Escribe Edgardo Riveros Marín, Académico Facultad de Derecho, Universidad Central.
En estos días ha quedado en evidencia algo natural, que la salud es un bien público que es obligatorio proteger colectiva e individualmente, toda vez que está vinculado a la vida e integridad síquica y física de las personas.
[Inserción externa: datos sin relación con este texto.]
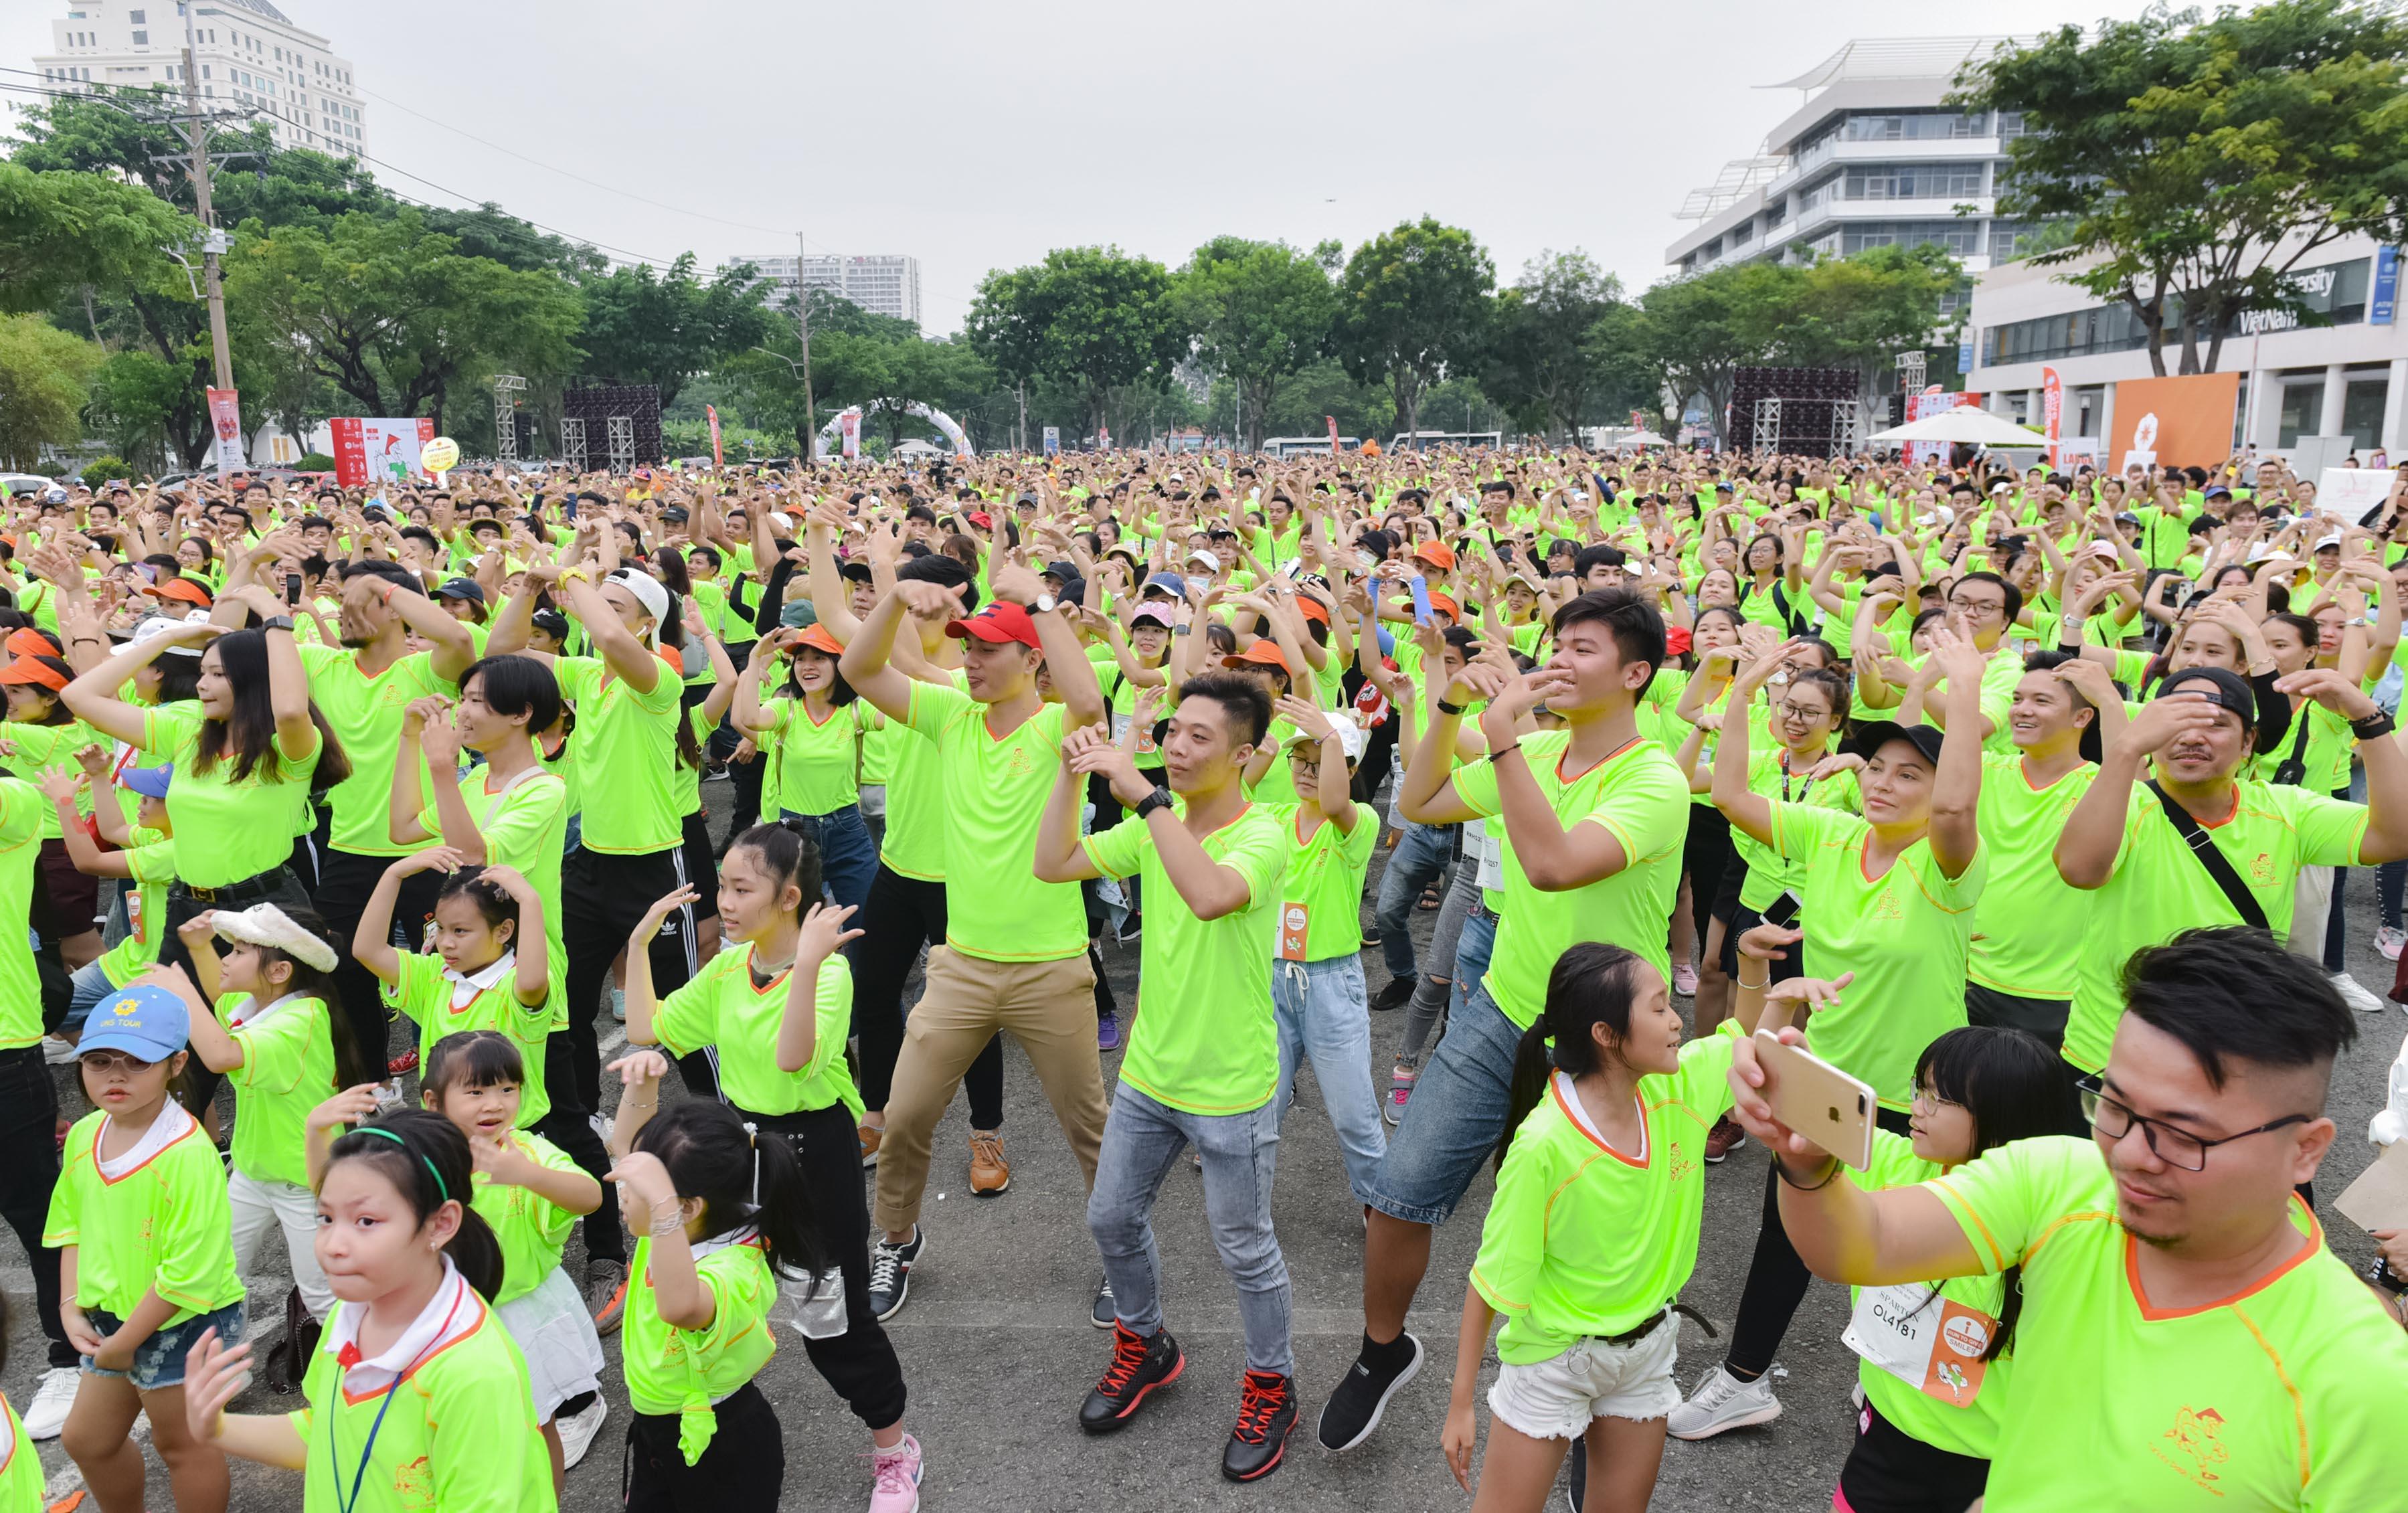 Cao Xuân Tài cùng dàn người mẫu Vietnam Fitness Model chạy bộ gây quỹ

También ha quedado de manifiesto el hecho, bastante extendido, que esta obligación no la asumimos con el rasgo de voluntariedad que se nos requiere y que, como ocurre en diversos ámbitos, el temor a la sanción es constantemente lo que motiva la conducta. Esto es estimulado en nuestra sociedad, donde con frecuencia se aumentan las penas en la perspectiva -a mi juicio ineficaz- de lograr comportamientos acordes con una vida en comunidad y de adecuada convivencia. En estos días es reiterado ver cómo se pone énfasis en la sanción a que quedan expuestos quienes no cumplan con las normas exigidas, ante la contingencia presentada por el “corona virus” y su riesgo de contagio.
Ha llegado el momento de enfatizar en la importancia que tiene una conducta responsable acorde con la protección de los bienes sociales y su impacto personal. Esto no es tarea fácil porque, desgraciadamente, se ha convertido en un hábito el cumplir con la norma de conducta más que por el bien que se protege, por el temor a la sanción que conlleva su incumplimiento. Teniendo presente, además, que muchas de las vulneraciones quedarán impunes, por la imposibilidad de fiscalización. Basta ver lo que ocurre, solo por nombrar algunas, con las disposiciones del tránsito o en materia laboral, ligadas a factores tan importantes como la vida, la integridad física, la convivencia social y productiva.
Es de esperar que los difíciles momentos que vivimos nos ayuden a tomar conciencia sobre la necesidad de ordenar nuestro actuar, al cual todos estamos obligados si queremos lograr una sociedad más justa, humana y solidaria, más allá de las medidas coactivas.